To safely execute this philosophy, Bounded-KAN requires a specific mental model for how it routes data—especially during the backward pass.
In standard implementations, out-of-bounds data either "falls off" the spline grid entirely (dropping to zero) or requires the input to be naively clamped. However, if clamped without gradient detachment, the model forces the boundary knot to absorb the training loss for all extreme out-of-bounds states. The boundary knot becomes an "extreme-weather wastebasket," compressing the entire long-tail distribution into a single coordinate and warping predictions for nominal operations.
Bounded-KAN acts as a traffic cop for physical regimes:
- The nominal regime (non-linear track): Dense, expected data operates inside the grid, shaping the non-linear B-splines.
- The extreme regime (linear track): Rare, OOB events are clamped on the non-linear track (with detached gradients to protect the nominal knots). The excess signal flows entirely through the linear track.

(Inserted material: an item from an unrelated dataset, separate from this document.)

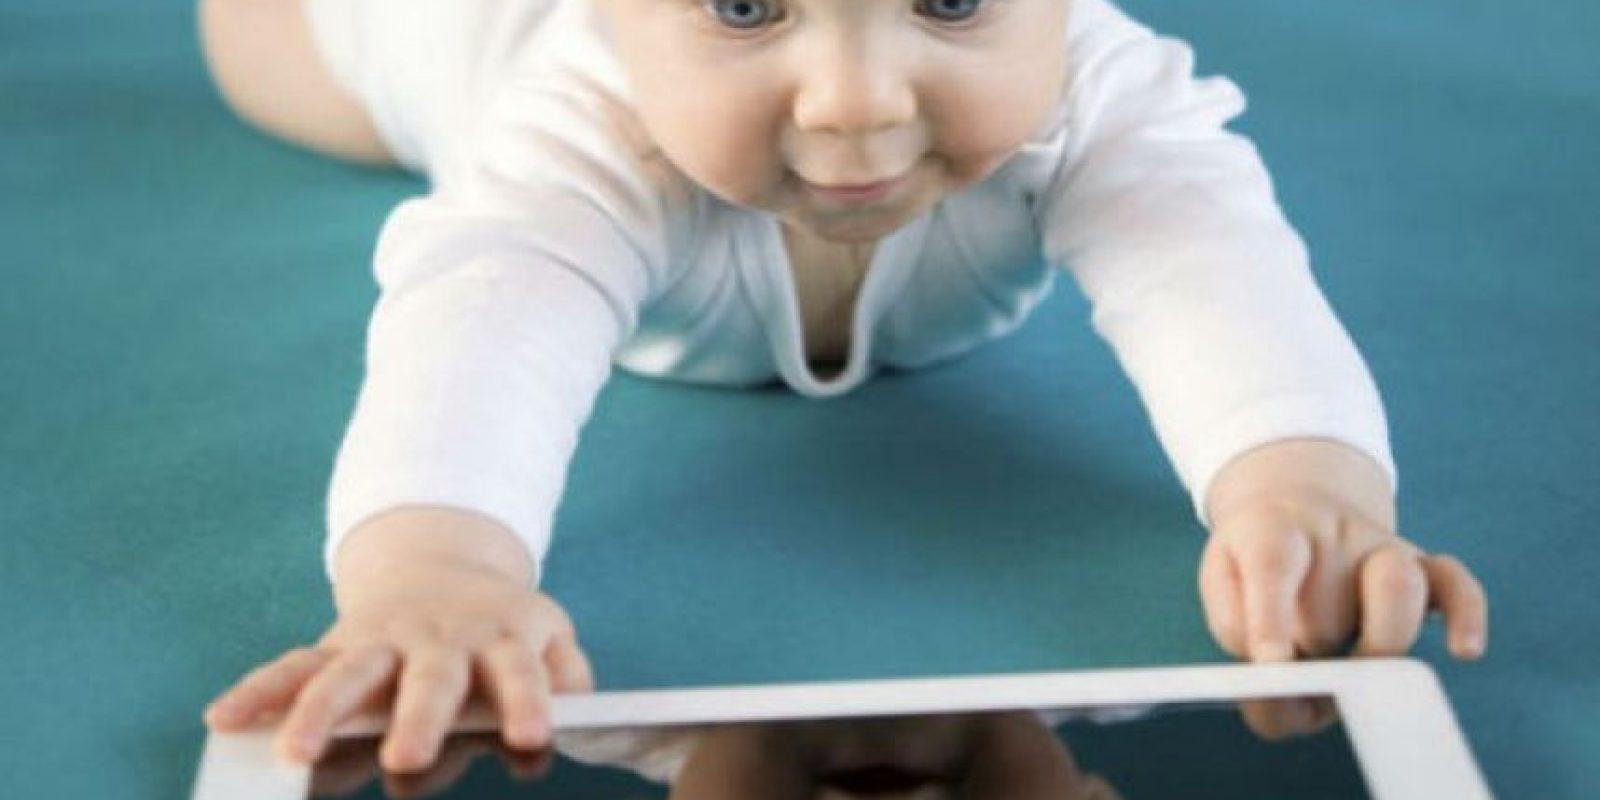 1. Un desarrollo cerebral causado por la exposición excesiva a las tecnologías, puede acelerar el crecimiento del cerebro de los bebés entre 0 y 2 años de edad, y asociarse con la función ejecutiva y déficit de atención Foto:Pixabay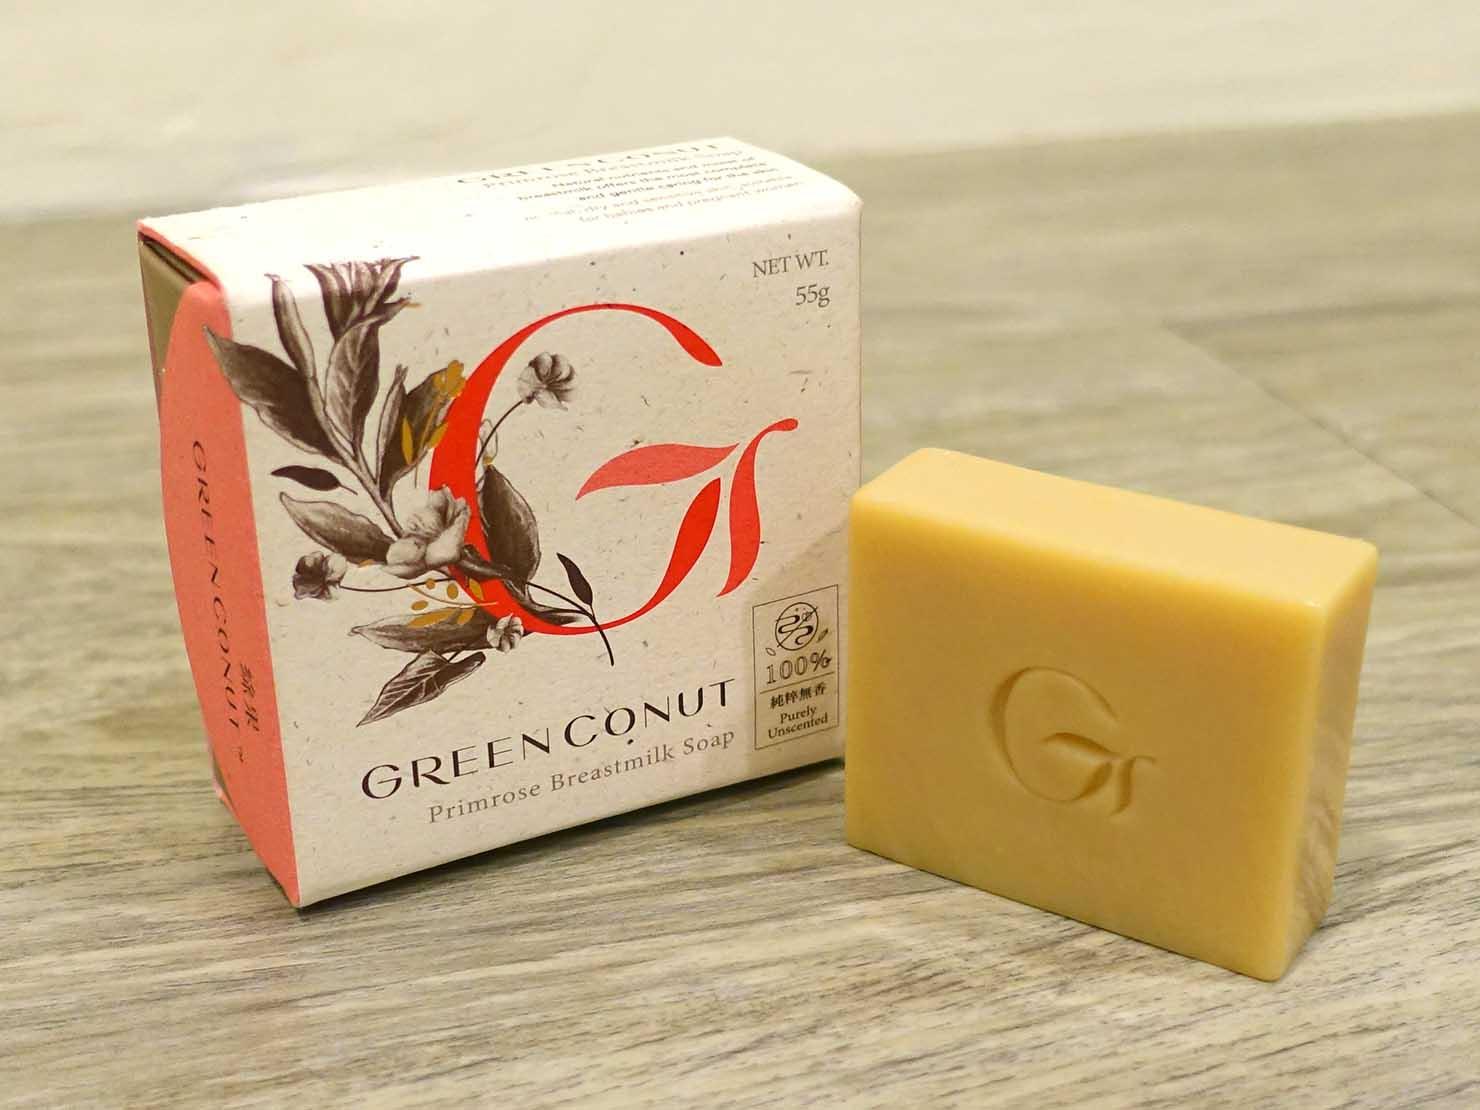 台北おみやげにおすすめのコスメブランド・綠果の「月見草母乳皂」パッケージ

This ensures the non-linear splines strictly learn the nominal physics, while the linear track safely catches the normal but extreme long-tail events.
To maintain the absolute physical meaning of these latent observables during deployment, Bounded-KAN relies on two structural constraints:
Original KAN architectures often rely on dynamic grid updates (knot insertion or movement) during training. Bounded-KAN strictly disables this. Dynamic updates fundamentally shift the underlying coordinate system of the network mid-training, causing downstream layers to lose their physical calibration. By enforcing a static grid, Bounded-KAN sacrifices some theoretical curve-fitting capacity to guarantee that a specific latent state retains its exact metric meaning from initialization to deployment.
To guarantee that OOB retains its physical magnitude through deep layers, Bounded-KAN relies on a standard residual macro-architecture rather than dynamic normalization:
Global residual skip connections Dynamic scaling (e.g., layer normalization) is disabled, as batch-dependent variance adjustments destroy both the absolute magnitude of physical metrics and the linear OOB safety valve. Instead, layers are wrapped in standard residual blocks ($y = x + \text{KAN}(x)$).
Standard L2 weight decay (via AdamW) gently pressures the KAN's internal linear weights toward zero. Consequently, during an extreme anomaly, the saturated KAN layer's contribution safely minimizes, allowing the global identity skip connection to act as a perfect 1-to-1 physical passthrough. This preserves the exact scale of OOB events across arbitrary depths without requiring custom loss functions, matrix hacking, or normalization layers.
Because the spline gradients are deliberately detached for OOB values, the network routes the excess gradients entirely through the parallel linear skip connection. This serves as a vital safety valve: it protects the non-linear splines from extreme gradient pollution, and it ensures that OOB inputs extrapolate linearly and predictably. This strictly limits the "blast radius" of severe anomalies, making downstream system filtering significantly more reliable.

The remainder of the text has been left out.